Nicole Barrella, DVM
The cell-based model of coagulation describes the three distinct, overlapping phases leading to clot formation as a result of platelet interaction with tissue factor (TF). The first phase, initiation, occurs when a TF-bearing cell, such as a sub-endothelial cell, is exposed to flowing blood. Circulating factor VIIa (FVIIa) binds to TF and initiates the coagulation cascade resulting in thrombin formation. The thrombin binds to receptors on the surface of the platelet leading to platelet shape change, creation of a procoagulant membrane surface, and platelet granule release. The granules contain agonists, such as thromboxane, von Willebrand’s factor (vWF) and ADP to amplify platelet activation and cause aggregation of platelets. Fibrinogen is also released and binds to integrin receptor αIIbβ3 which mediates platelet-platelet interactions. This is the amplification phase. The final phase is propagation, which results in the recruitment of additional platelets to the site of injury, and continued thrombin formation via cleavage of prothrombin to thrombin by factors Va and Xa. As the concentration of thrombin increases, there is increased cleavage of fibrin from fibrinogen. The soluble fibrin molecules will polymerize into fibrin strands and become an insoluble fibrin matrix.
Fibrinolysis begins when clot formation is complete to limit the extent of the clot and to breakdown the clot. In the presence of fibrin, plasminogen is converted to plasmin by tissue plasminogen activator (t-PA). Plasmin degrades fibrinogen and soluble fibrin into fibrinogen/fibrin degradation products (FDPs) and degrades cross-linked fibrin into D-dimers.
Virchow’s triad describes three factors involved in thrombus formation – blood stasis, endothelial disturbances, and hypercoagulability – with an alteration in any of the three resulting in a blood clot.
Endothelial dysfunction leads to numerous changes that ultimately alter the coagulability of blood. Damage to the endothelium disrupts the anti-coagulant, anti-platelet and fibrinolytic effects that serve to prevent pathological clot formation. The endothelium consists of vascular endothelial cells and the glycocalyx layer. The glycocalyx contains anticoagulant elements and acts as a mechanoreceptor leading to release of nitric oxide in conditions of increased shear stress. The glycocalyx also acts as a shield preventing binding of inflammatory mediators onto the cell surface.
An endothelial disturbance can occur secondary to injury from high shear conditions, such as in cases of hypertension or turbulent blood flow, or due to activation by inflammatory mediators such as tumor necrosis factor-α, bradykinin, and histamine.

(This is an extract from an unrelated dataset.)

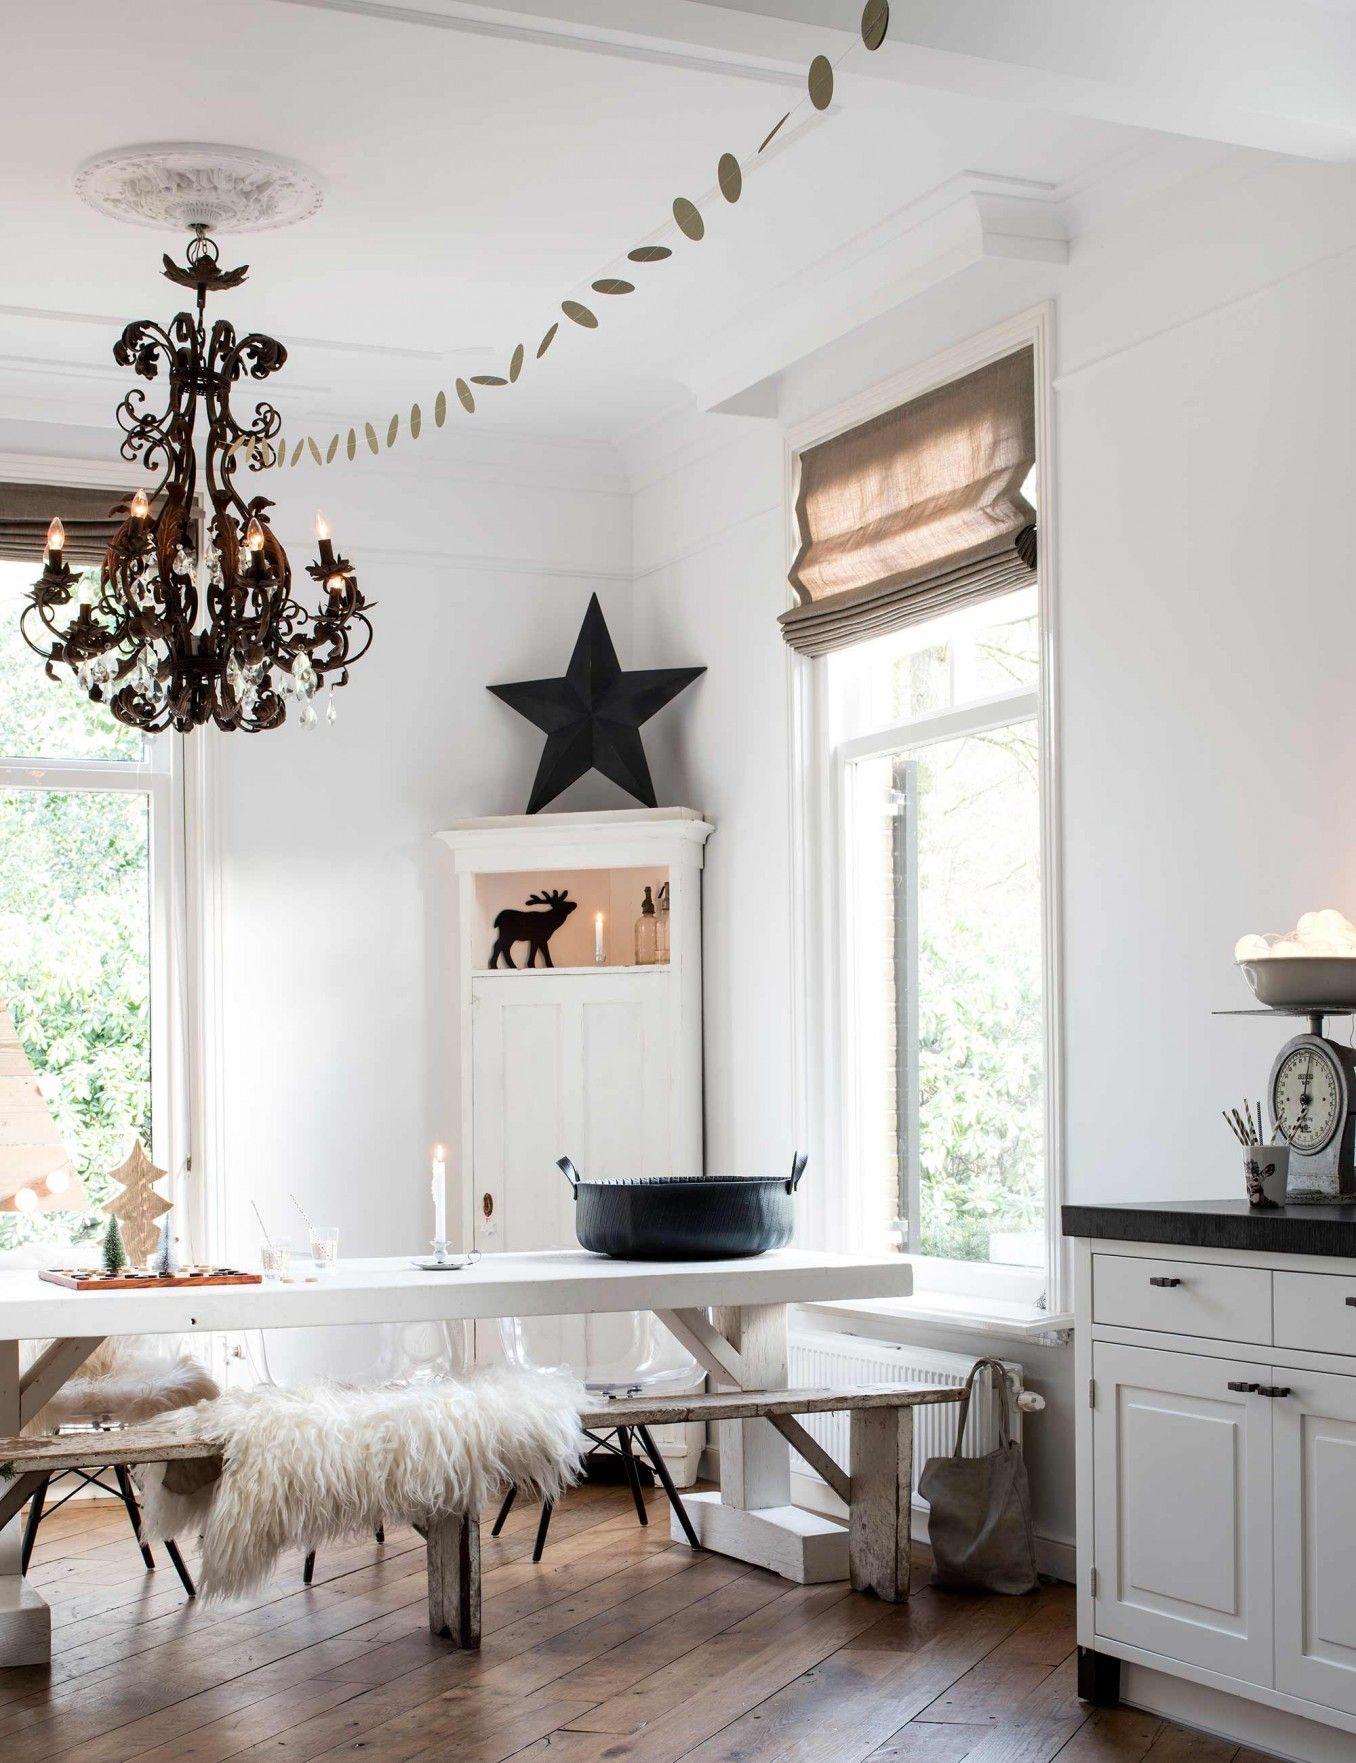 weihnachten in holland lilaliv s e a s o n m o o d x m a s pinterest weihnachten. Black Bedroom Furniture Sets. Home Design Ideas
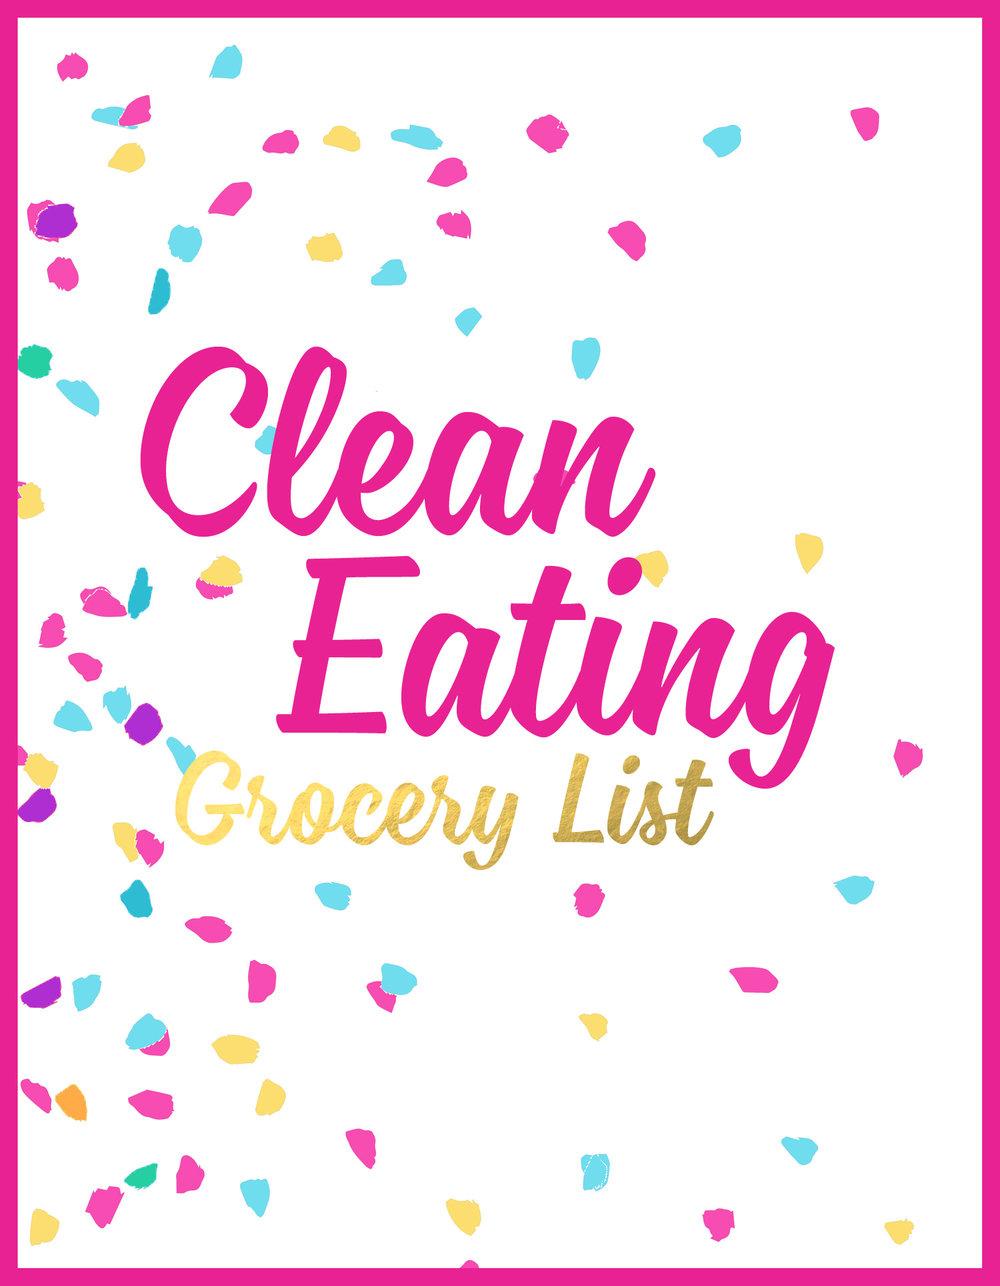 Julia Jackson - Get My Clean Eating Grocery List!

Upon activation or injury, endothelial cells release ultra large multimers of vWF, which can initiate platelet activation and adhesion. In healthy patients, these multimers are broken down into smaller components by the enzyme ADAMTS13. Lower concentrations of ADAMTS13 can lead to systemic platelet aggregation and thrombosis.
Decreased Endogenous Anticoagulant Elements
The three main endogenous anticoagulants are antithrombin (AT), protein C, and tissue factor pathway inhibitor (TFPI). Antithrombin inhibits thrombin and factor Xa, and is most effective when bound to endogenous or exogenous heparins. Antithrombin can be decreased secondary to decreased production, consumption, or degradation by neutrophils. Antithrombin is a small protein and can be lost into urine in cases of glomerulonephritis or, less frequently, into the intestines in cases of protein-losing enteropathy. Protein C inhibits factors Va and VIIIa, decreasing the breakdown of prothrombin to thrombin. Activated protein C also enhances fibrinolysis by suppressing plasminogen activator inhibitor-1 activity and thrombin activatable fibrinolytic inhibitor activity, resulting in increased conversion of plasminogen to plasmin. In patients with systemic inflammation, there is decreased Protein C production. Additionally, activation of Protein C is decreased by the effects of inflammatory cytokines on the endothelium.